### [Work request]
After locating the line that contains "Modèle Vulnérabilité-Stress" in the data below, set down exactly that line and each one after it through the line that contains "Sofá - decor", and nothing more.

### [Given records]
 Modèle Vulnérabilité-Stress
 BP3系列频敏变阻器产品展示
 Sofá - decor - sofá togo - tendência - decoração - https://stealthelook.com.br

==

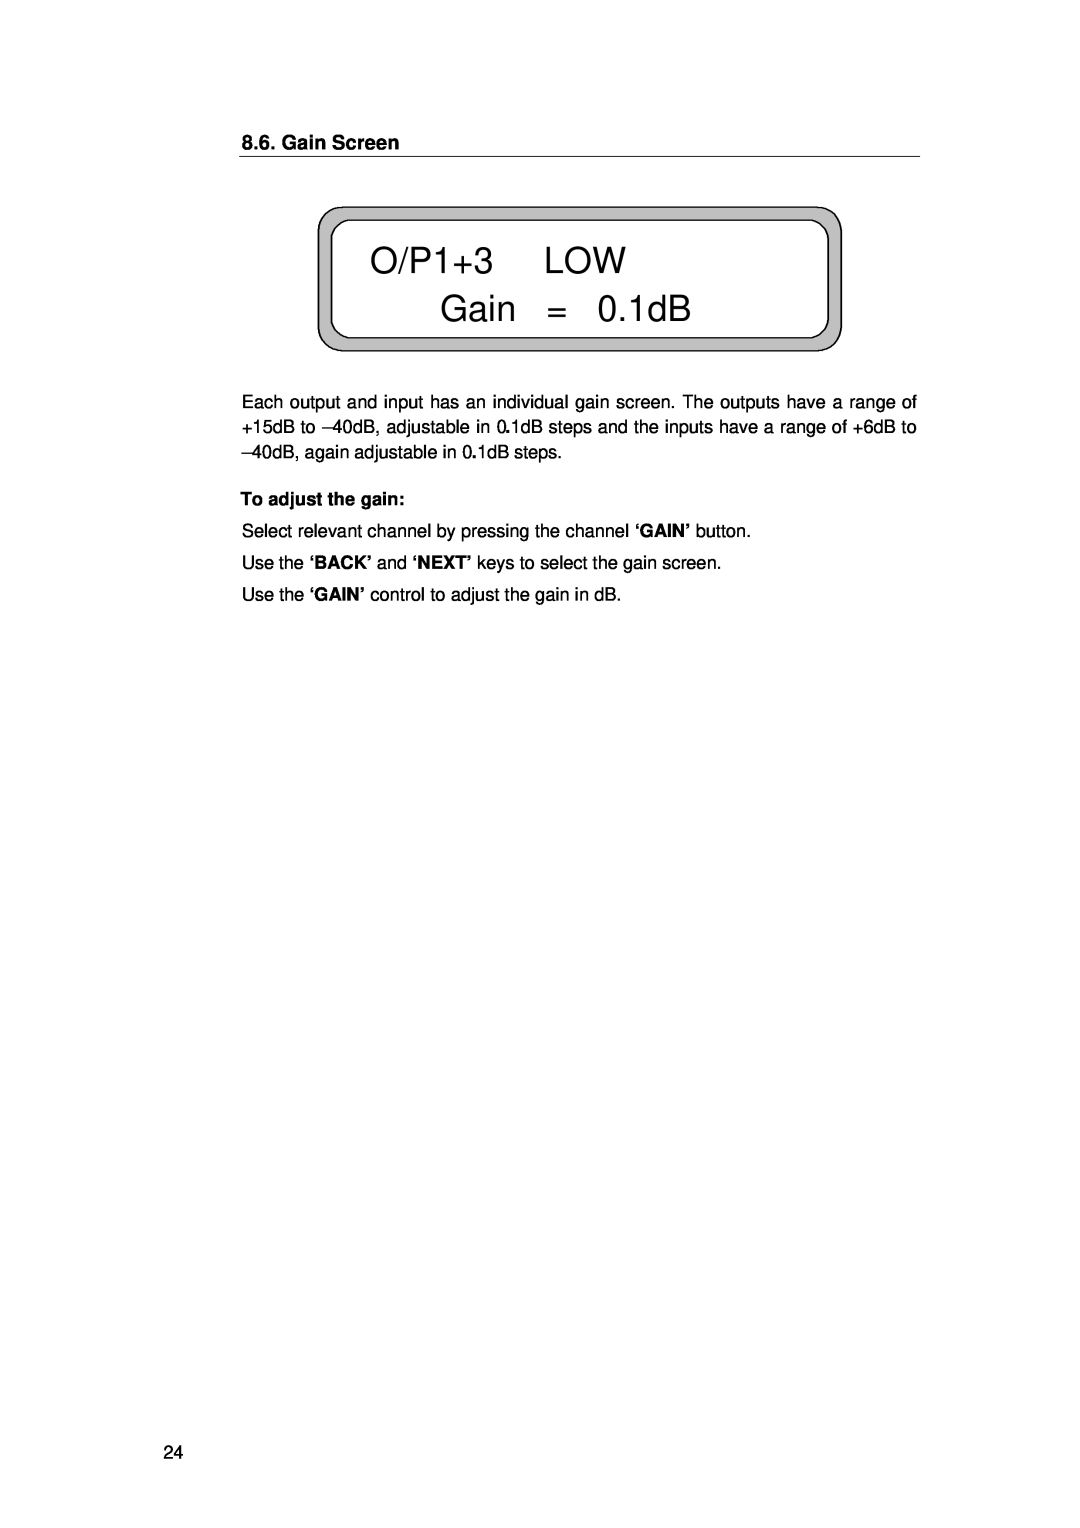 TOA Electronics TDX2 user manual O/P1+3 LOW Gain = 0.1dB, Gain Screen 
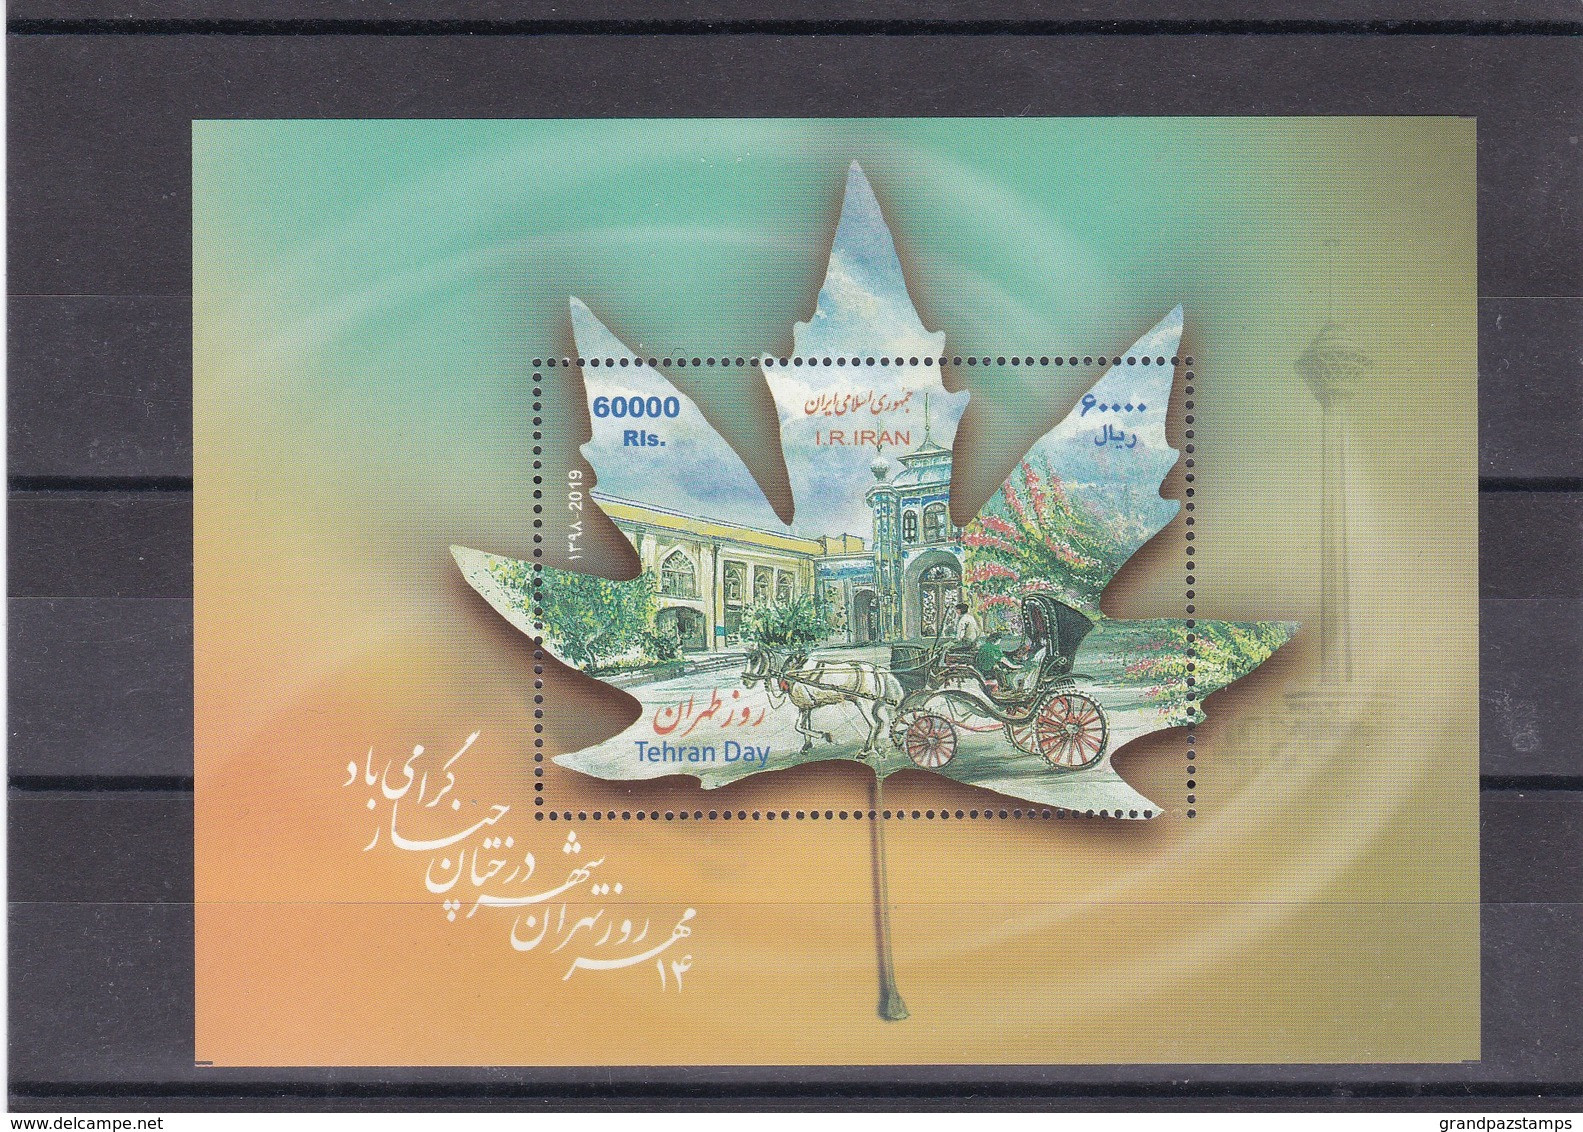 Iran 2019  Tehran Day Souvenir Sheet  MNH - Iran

...

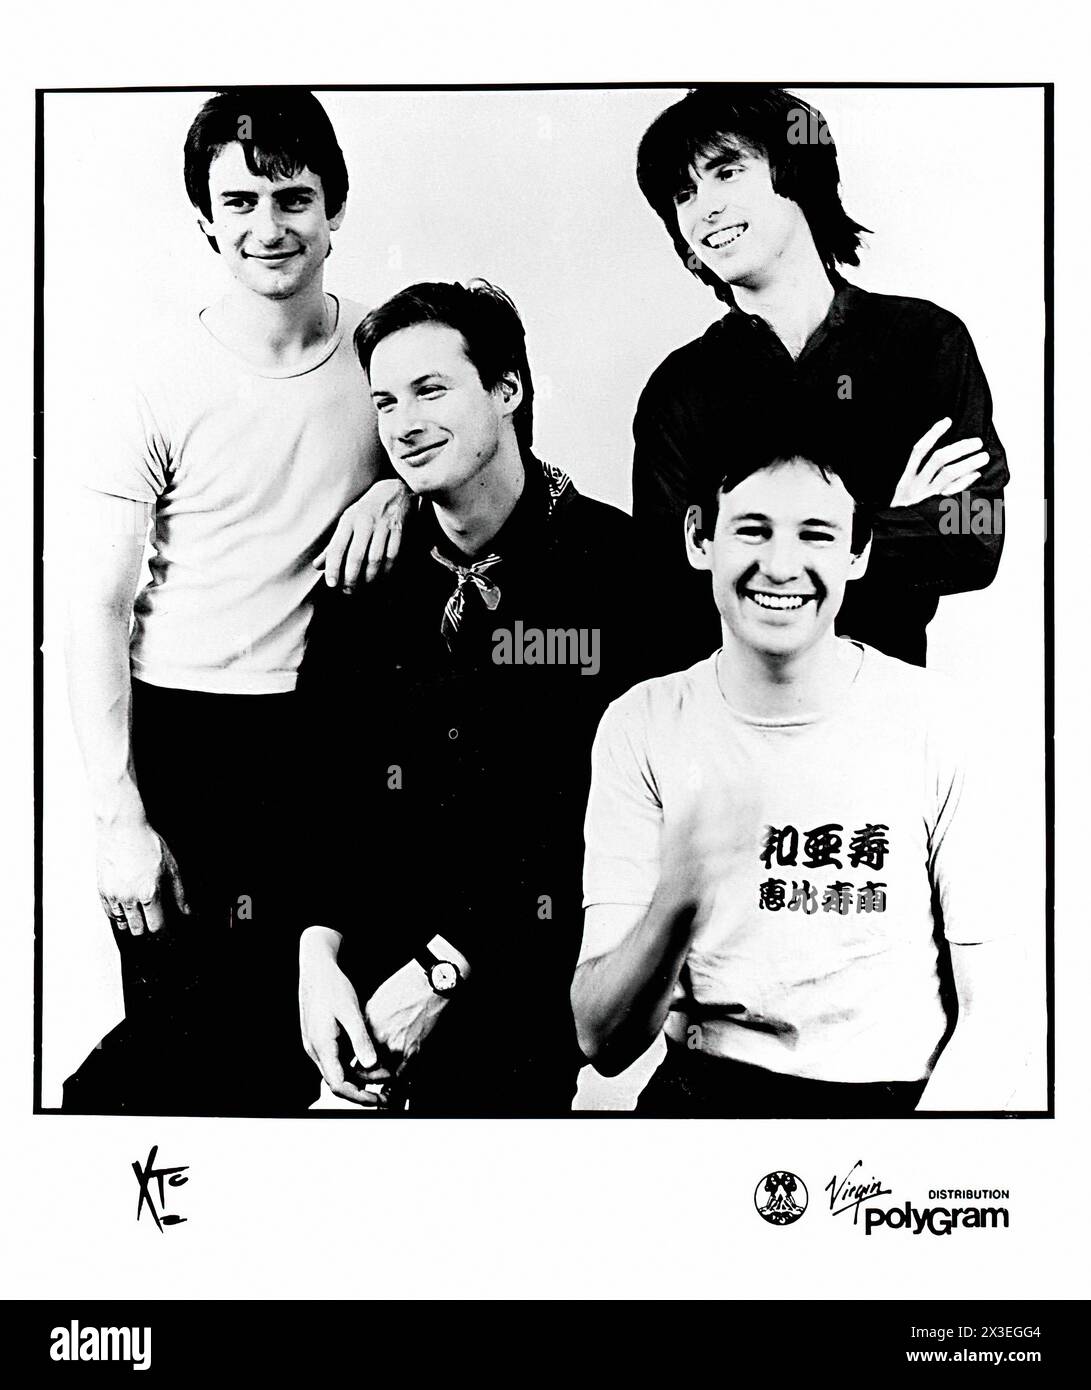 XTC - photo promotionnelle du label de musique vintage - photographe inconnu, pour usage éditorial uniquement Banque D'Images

### [Solution for this problem]
 Modèle Vulnérabilité-Stress
 BP3系列频敏变阻器产品展示
 Sofá - decor - sofá togo - tendência - decoração - https://stealthelook.com.br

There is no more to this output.